Monday, June 20, 2011

helmets must be worn

In these changing and uncertain times, it's good to know that there are certain things that are constant, unchanging and reliable. Like the desire of certain young members (as it were, if you will, etc.) of the male gender to draw stylised representations of the male generative organ in mural form in public places, or, to put it another way, to daub giant spurting cocks on things. Here's a rather excellent example of the genre, which has appeared at some point in the last couple of weeks on a fence along the footpath running between Cooks Close and Badgers Close in Bradley Stoke:


This is on the way from the office to the little Tesco Express on Pear Tree Road; luckily I had Andy (and, more importantly, Andy's phone camera) with me today to capture it for posterity.

There is a long and proud tradition of this sort of primitive spray-can graffiti, of course. A new sub-genre of cock graffiti, though, is the super-giant cock designed to be viewed from above, ideally by the Google Earth cameras. There have been several examples of this, notably in Berkshire, Teesside, Southampton, Pennsylvania and, most splendidly of all, Hamilton in New Zealand where students have created no less than six of varying shapes and sizes - see if you can spot them all. None of them have the, hem hem, dynamism of the fence one, though, i.e. they haven't got all spunk coming out the end. Disappointing.

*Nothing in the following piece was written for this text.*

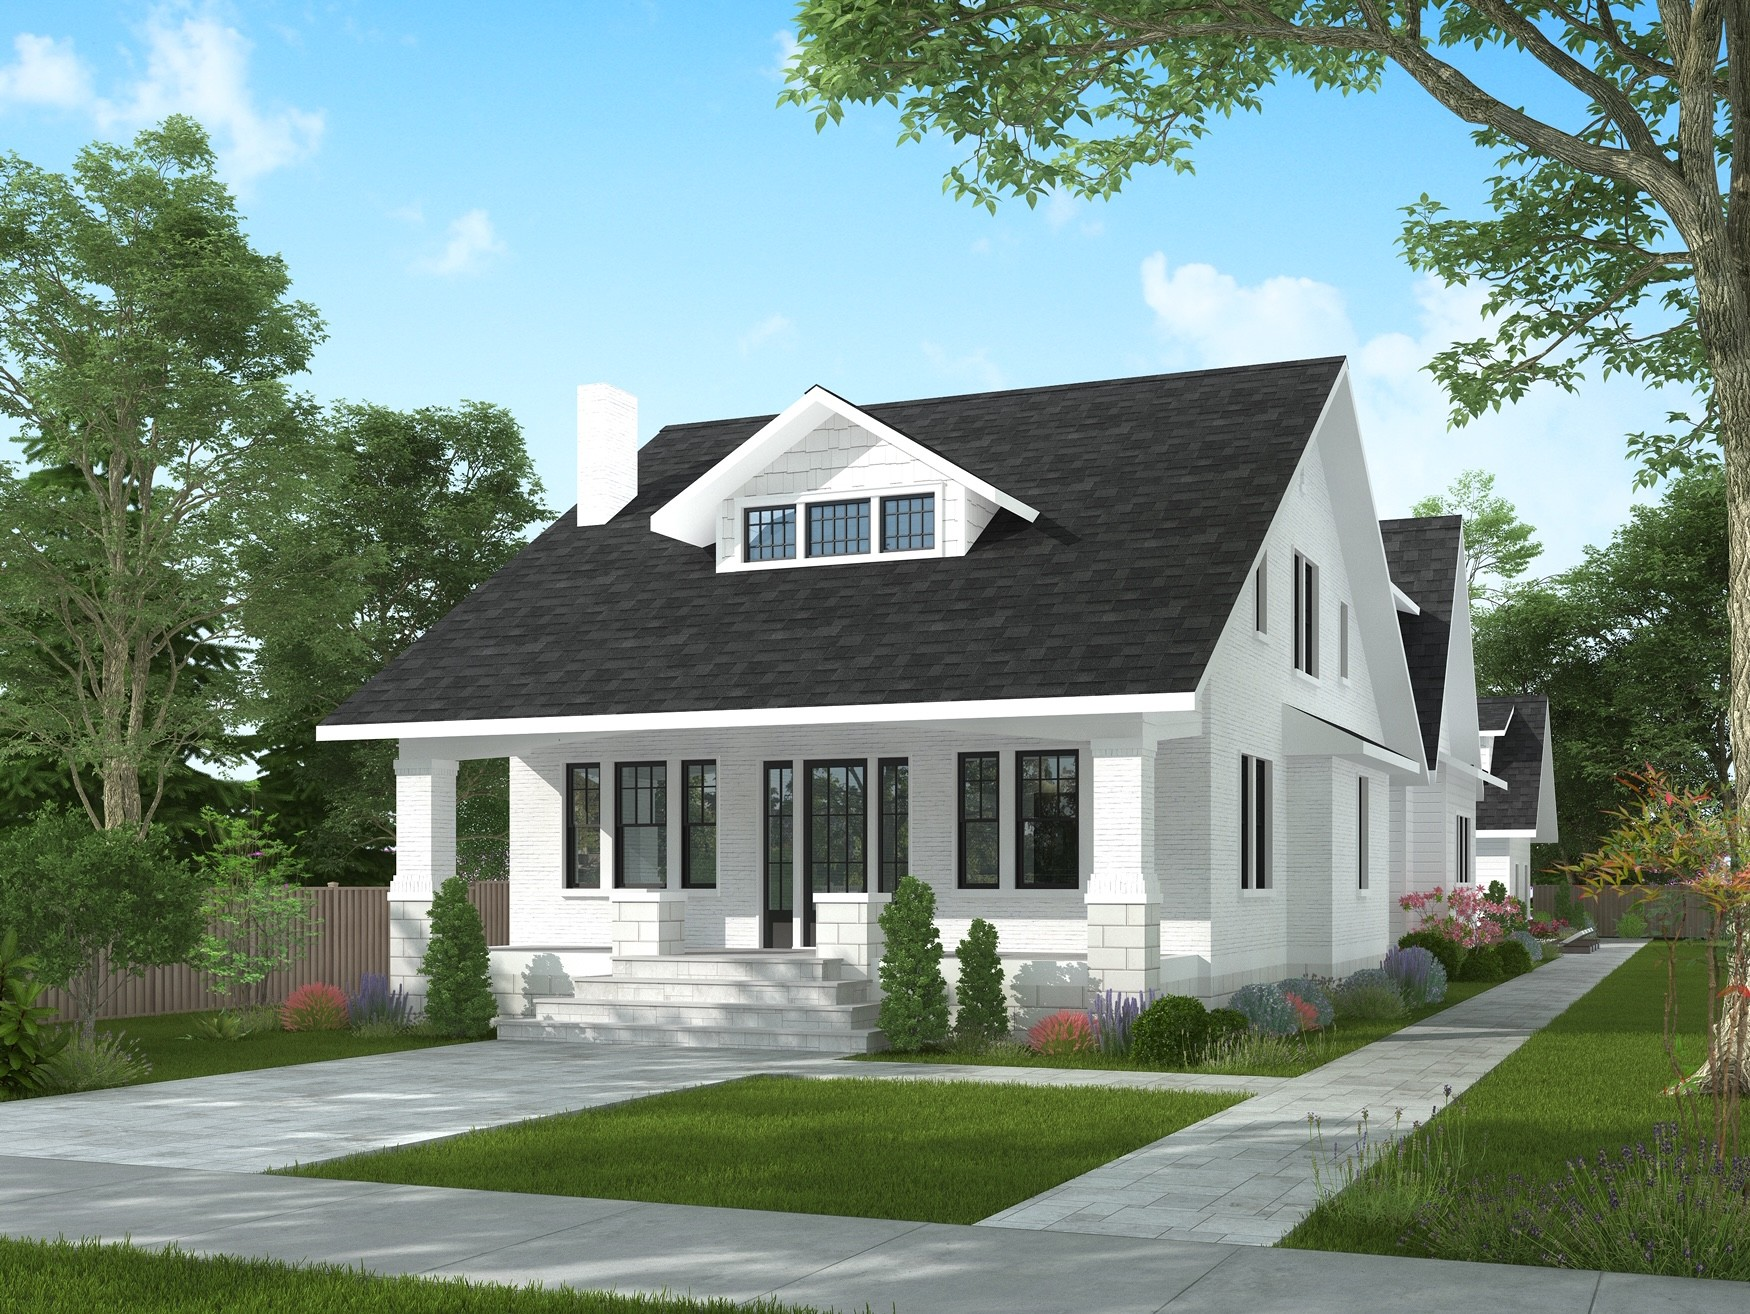 2510 Oakland Ave Property Photo - Nashville, TN real estate listing

Obviously the best excuse is that the irresistible desires to do these things are atavistic echoes of ancient fertility symbols like the Cerne Abbas Giant - this particular great big public drawing of a cock (and on the bonk as well) being OK as it's all heritage-y and historical and shit. Interestingly, on more than one occasion persons unknown have attempted to apply a similar appendage to the much more modest Long Man of Wilmington - once rather disappointingly and once rather more impressively for the 2010 summer solstice (the photo below is of Cerne Abbas though).